Norwegian humanists criticise religious education after school


Northern Europe


Children playing during the after-school programme in Norway. Photo Facebook, Lillestrøm kommune

Parents in Norway can enrol their children in religious education after school hours. Now, the Human-Ethical Association believes this violates the laws of the Storting.

"We understand that religious education should not take place in the after-school period and that this was expressed by the Storting", says Lars-Petter Helgsestad to Vart Land.
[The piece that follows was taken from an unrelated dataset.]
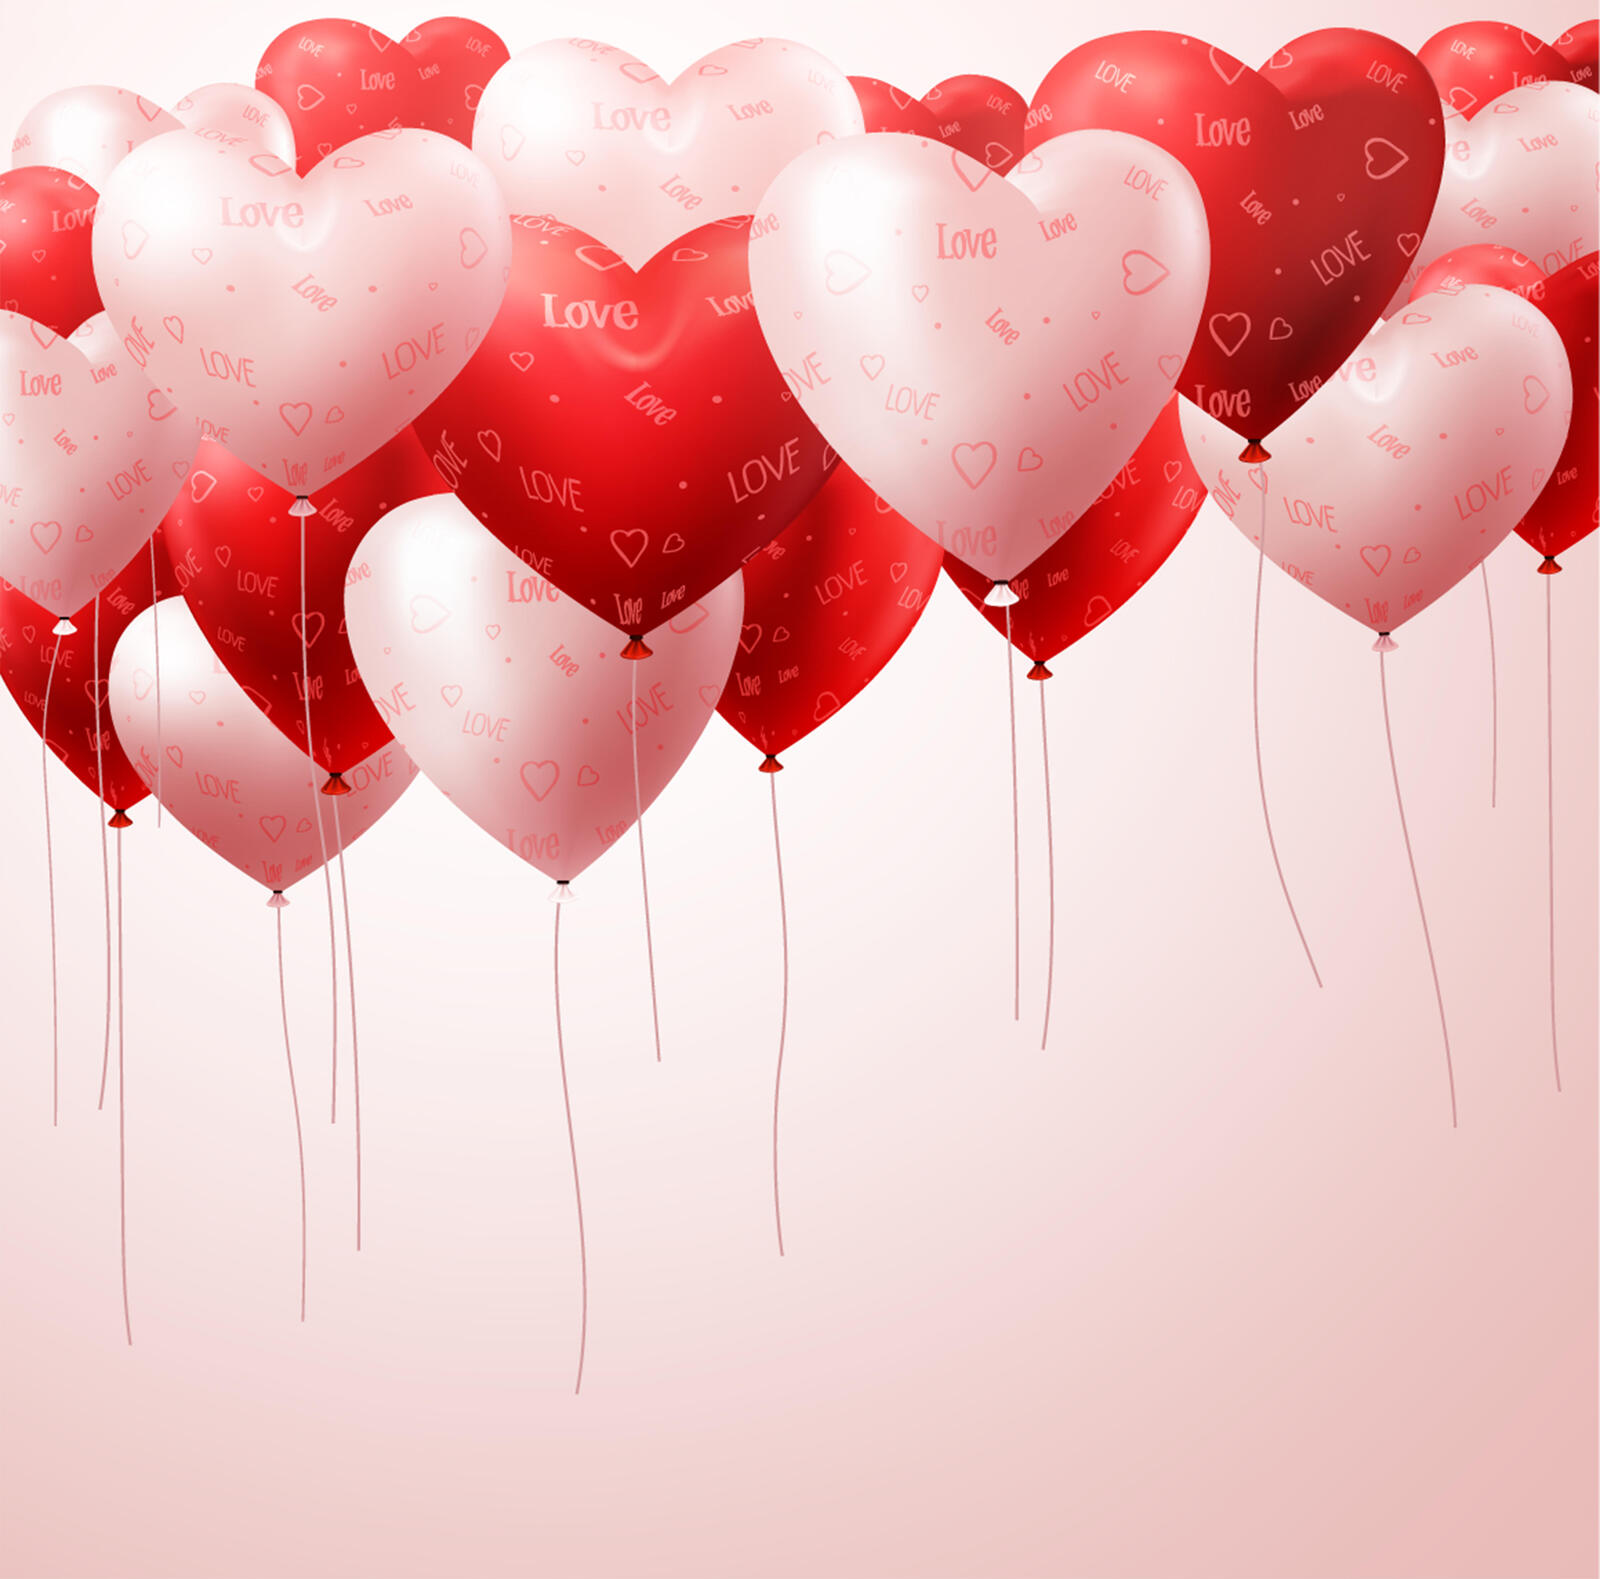 Wallpapers romantic hearts holidays valentines on the desktop

The department head for politics and international work at het Human Ethical Association (HEF) refers to the option that the Church of Norway offers to children who want to receive religious education during an after-school programme.
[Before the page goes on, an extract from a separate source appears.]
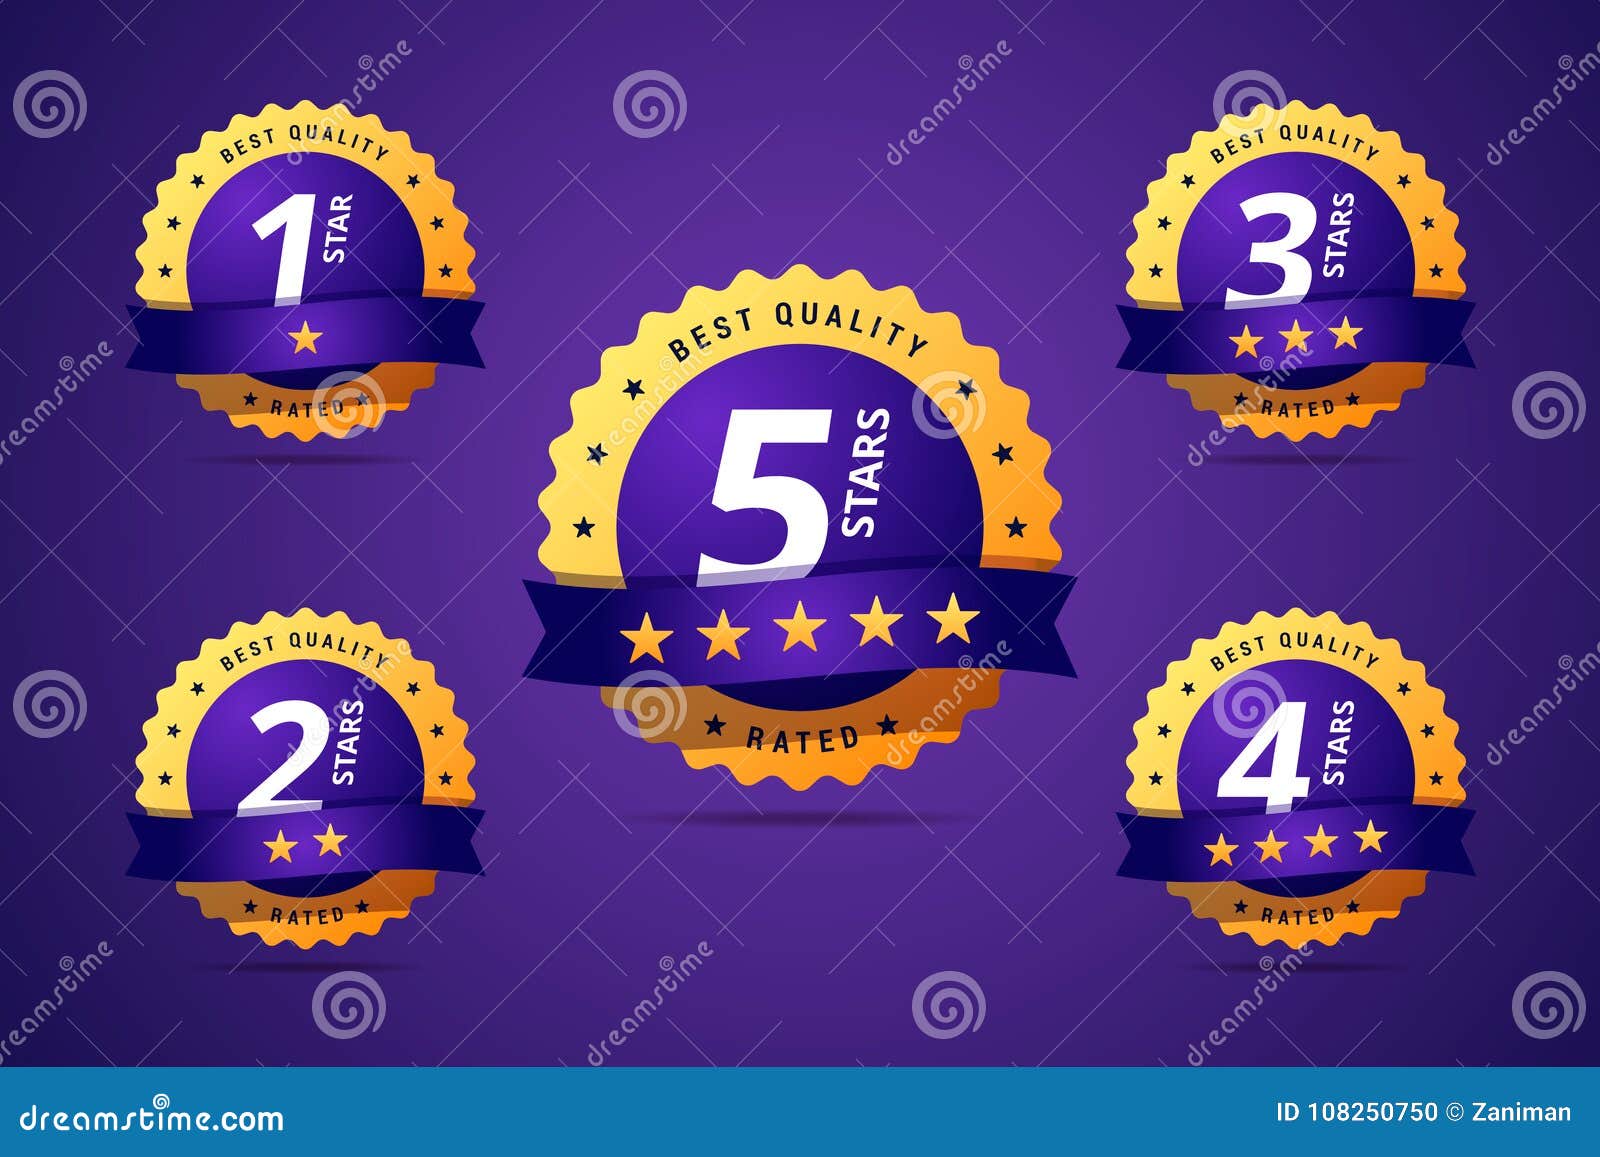 Stamp Rating Stock Illustrations – 7,269 Stamp Rating Stock Illustrations,  Vectors & Clipart - Dreamstime

In the autumn of 2022, the Norwegian government introduced an offer of a 12-hour after-school programme for first graders. Municipalities are obliged to offer after-school arrangements (SFO) during the school year. The arrangement is meant to be different from school and is also separate from the educational system, the website of the Norwegian government reads.
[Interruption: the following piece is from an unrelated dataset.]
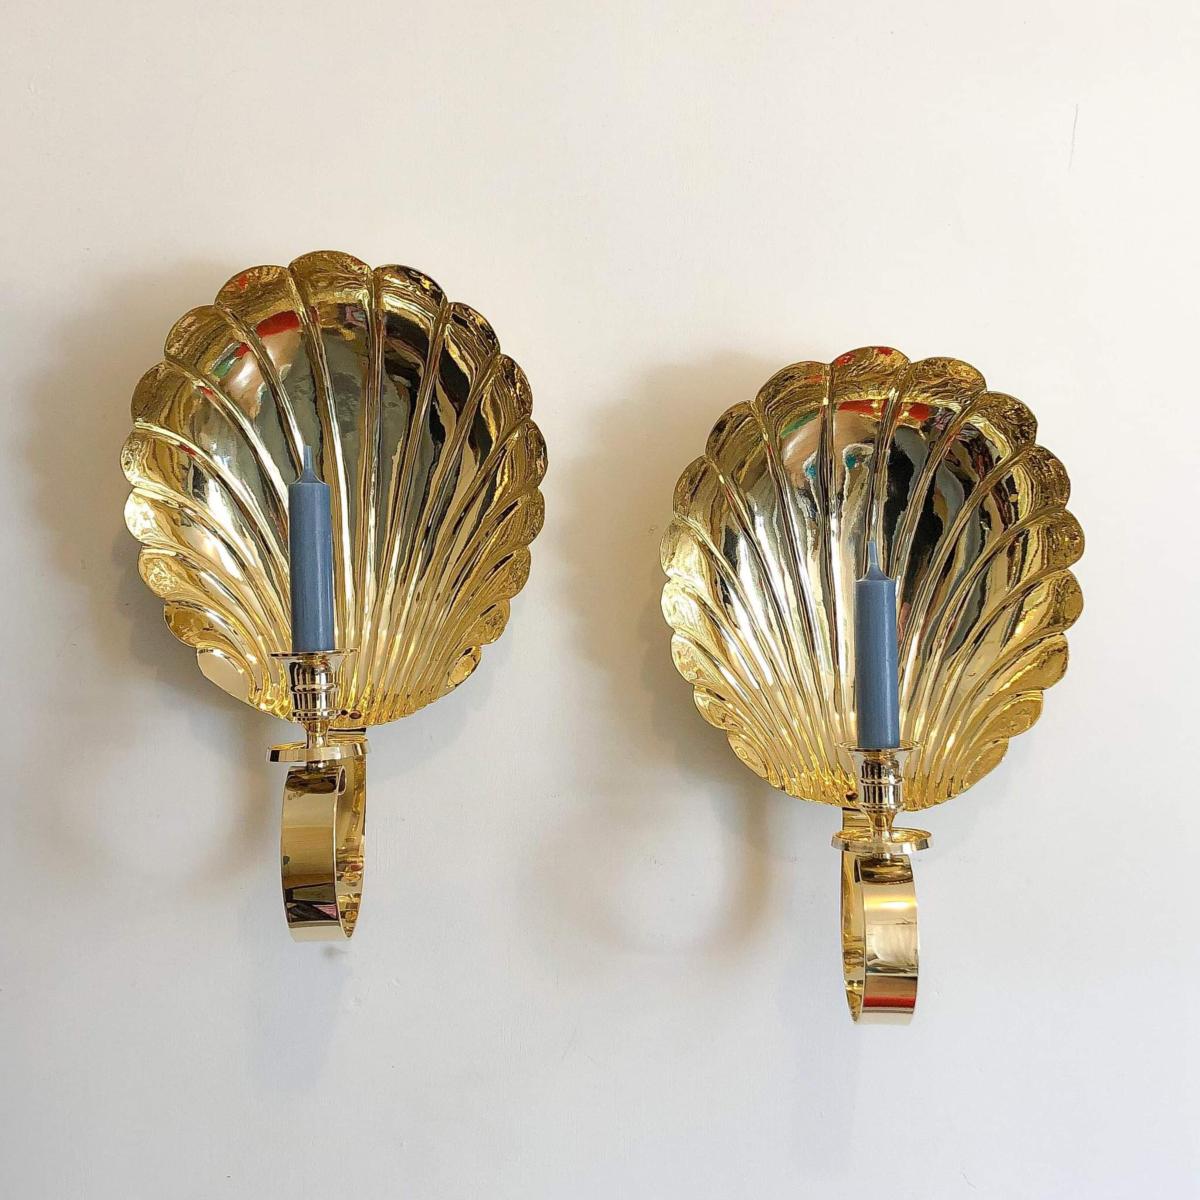 Brass Scallop Candle Sconce, medium, Pair, Offer

Last March, the HEF e-mailed the State Administrator in Oslo, accusing the Church of Norway in Skedsmo of teaching children religious education at several schools in the after-school programme (SFO). According to the HEF, the congregation invited children from the first and third grades to a club where they could make assignments and solve riddles about Bible stories.

Opening hours

That goes against the Storting's recommendation from 2005 about changes to the Church Act, the HEF believes. That text reads that" faith education shall not be carried out during the opening hours of the after-school programme."

However, the State Administrator disagreed with the organisation. According to the Administrator, the statement from 2005 does not apply to this situation. No ban on religious education during the after-school programme was adopted, the State Administrator argued. Instead, the SFO should be based on "fundamental values in Christian and humanist heritage and tradition, such as respect for human dignity and nature, on freedom of spirit, charity, forgiveness, equality and solidarity."


Lars-Petter Helgestad from the HEF says he is surprised by that response. "The state administrator in Oslo and Viken does not point to the basis for why what the Storting said in 2005 is not relevant today." Therefore, he wants confirmation from the Ministry of Education that the statement does apply to SFOs as well. "There is no free way for religious education in SFO", Helgestad believes.